** WORK TO BE COMPLETED **
Your task is to filter the data below down to the lines holding "series".

[[ SUPPLIED ENTRIES open ]]

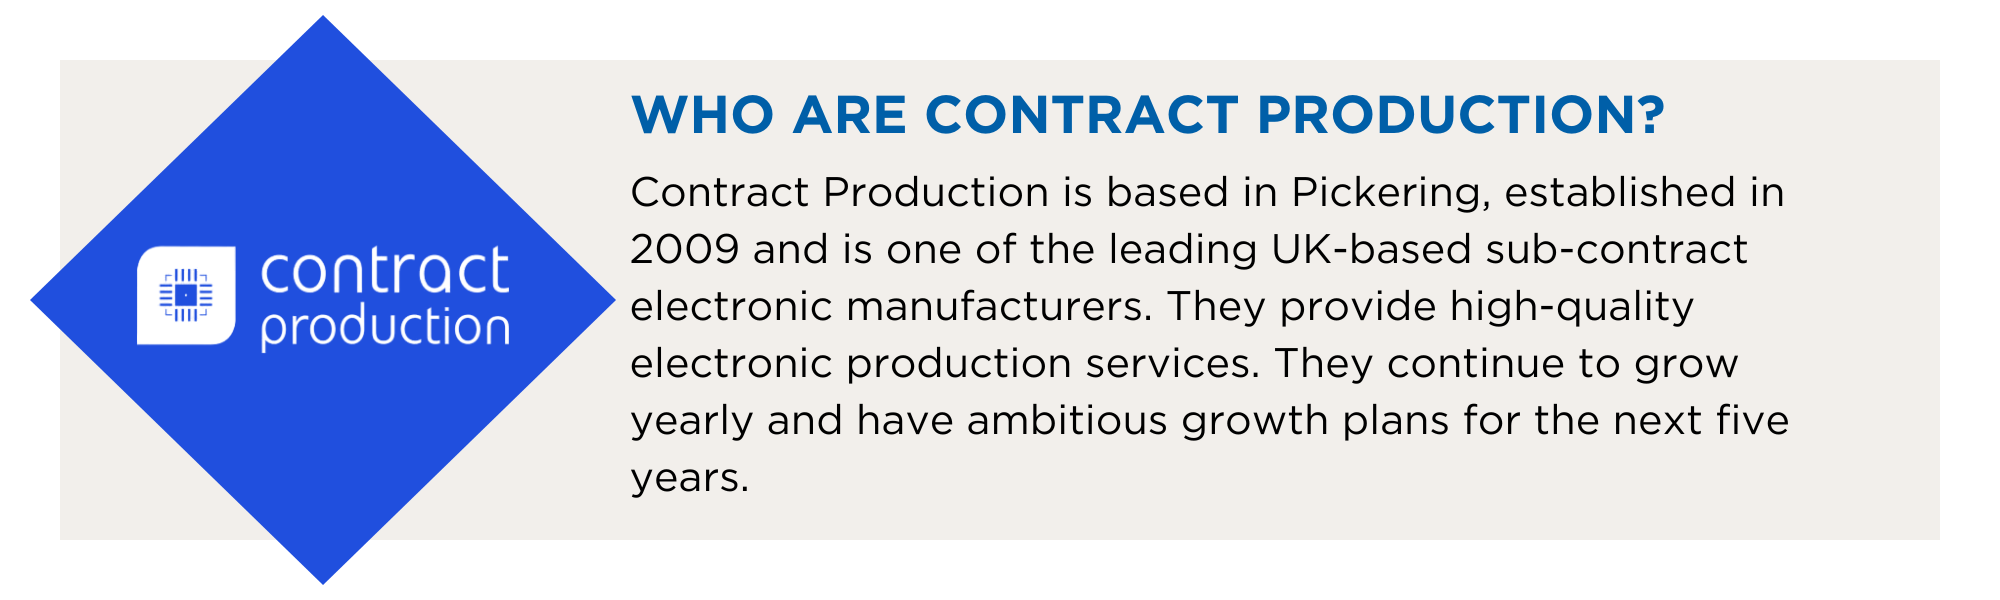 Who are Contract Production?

[[ SUPPLIED ENTRIES closed ]]
[[ SUPPLIED ENTRIES open ]]

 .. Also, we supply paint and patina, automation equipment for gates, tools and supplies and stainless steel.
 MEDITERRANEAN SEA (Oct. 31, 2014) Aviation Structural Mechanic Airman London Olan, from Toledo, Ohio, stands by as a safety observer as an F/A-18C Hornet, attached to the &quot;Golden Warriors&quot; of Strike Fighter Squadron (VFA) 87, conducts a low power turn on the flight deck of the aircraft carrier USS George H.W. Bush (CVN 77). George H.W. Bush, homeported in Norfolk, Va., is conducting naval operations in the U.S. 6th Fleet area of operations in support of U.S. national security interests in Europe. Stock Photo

[[ SUPPLIED ENTRIES closed ]]
[[ SUPPLIED ENTRIES open ]]

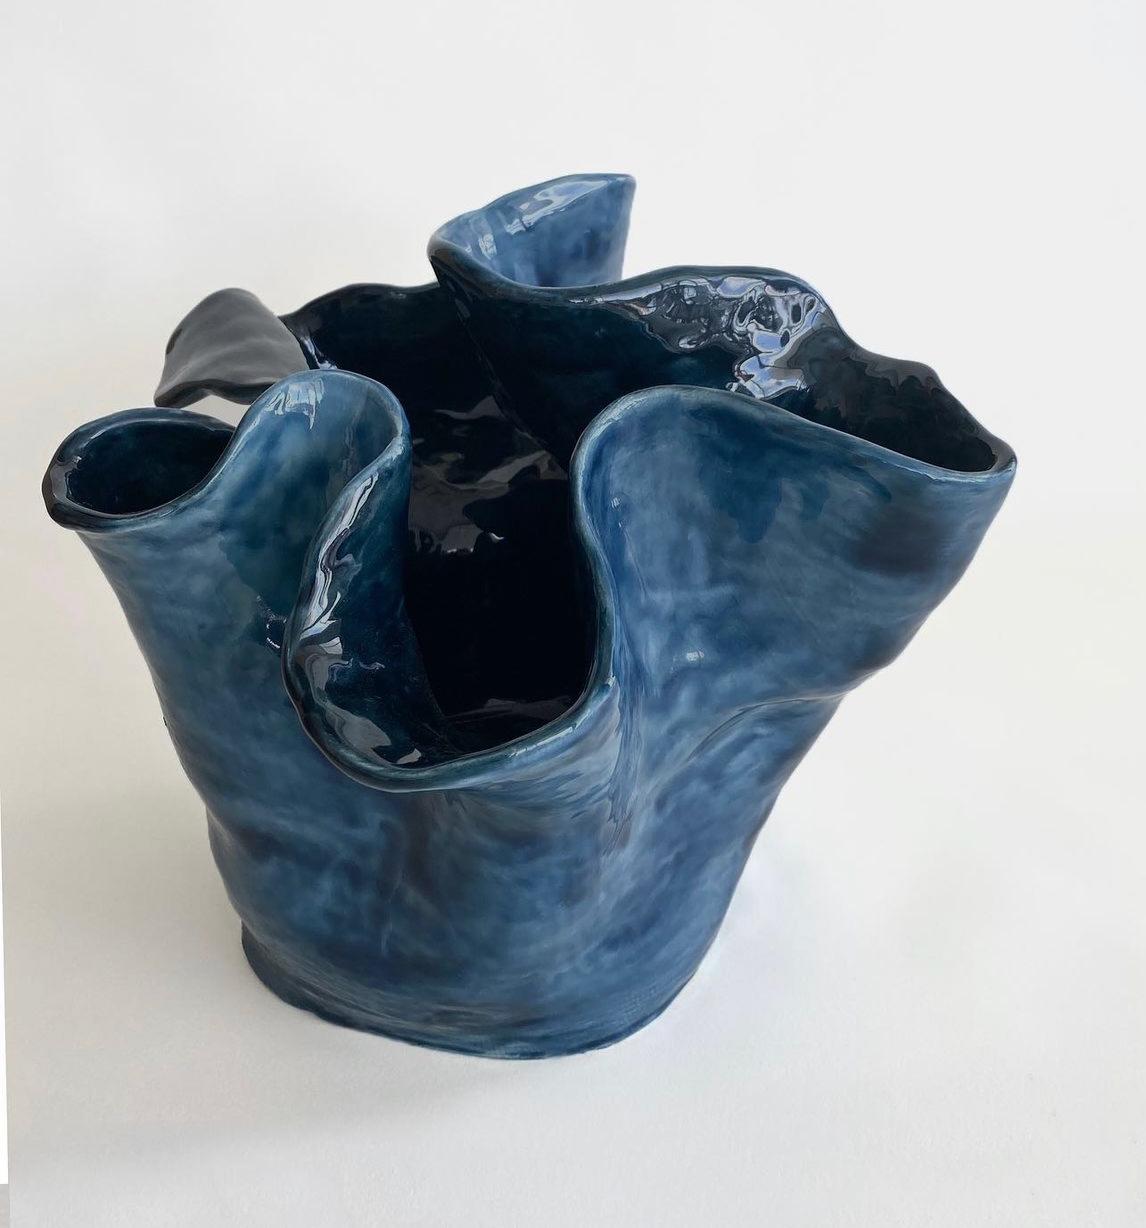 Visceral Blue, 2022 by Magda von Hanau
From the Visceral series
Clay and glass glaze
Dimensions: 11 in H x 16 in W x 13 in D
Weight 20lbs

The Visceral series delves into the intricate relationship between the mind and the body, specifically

[[ SUPPLIED ENTRIES closed ]]

** ANSWER TO THE EXERCISE **
From the Visceral series
The Visceral series delves into the intricate relationship between the mind and the body, specifically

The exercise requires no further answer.